Say I have the following expression which I would like to integrate over the variable z from 0 to L.
import sympy as sp
mdot, D, R, alpha, beta, xi, mu0, q, cp, Tin, L = sp.symbols("\dot{m}, D, R, alpha, beta, xi, mu_0, q, c_p, T_in, L", real=True, positive=True, constant=True)
z = sp.symbols("z", real=True, positive=True)
n = sp.Symbol("n", real=True)
firstexpr = 8 * mdot**2 * R / (sp.pi**2 * D**5) * (alpha + beta * (sp.pi * D * mu0 / (4 * mdot))**xi * (q * z / (mdot * cp) + Tin)**(n * xi)) * (q * z / (mdot * cp) + Tin)
res1 = sp.integrate(firstexpr, (z, 0, L), conds="none")

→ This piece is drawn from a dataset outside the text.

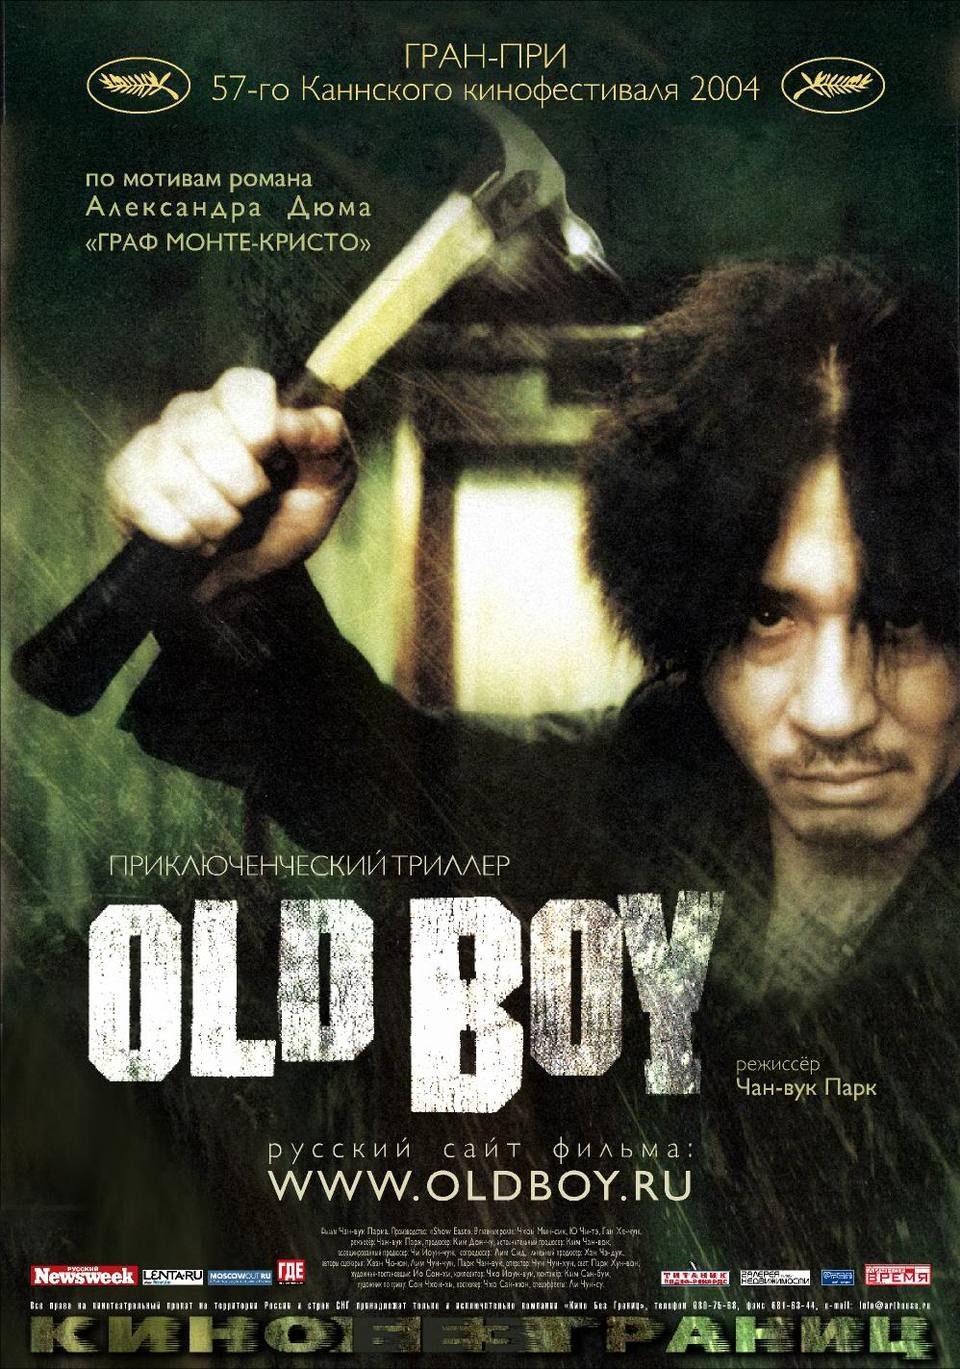 Estados Unidos poster for Oldboy

This will take forever: I had to stop the computation after 10 minutes on my pc without getting an answer.
Situation improves dramatically if I rewrite my expression so that it contains only the minimum number of constant symbols, integrating it, and finally substituting the original symbols:
a = 8 * mdot**2 * R / (sp.pi**2 * D**5)
b = beta * (sp.pi * D * mu0 / (4 * mdot))**xi
c = q / (mdot * cp)
_a, _b, _c = sp.symbols("a, b, c", real=True, positive=True, constant=True)
secondexpr = _a * (alpha + _b * (_c * z + Tin)**(n * xi)) * (_c * z + Tin)
res2 = sp.integrate(secondexpr, (z, 0, L), conds="none")
sp.simplify(res2.subs([(_a, a), (_b, b), (_c, c)]))
Why is sympy taking extremely long time in the first case? Did I miss some assumption in the creation of my symbols?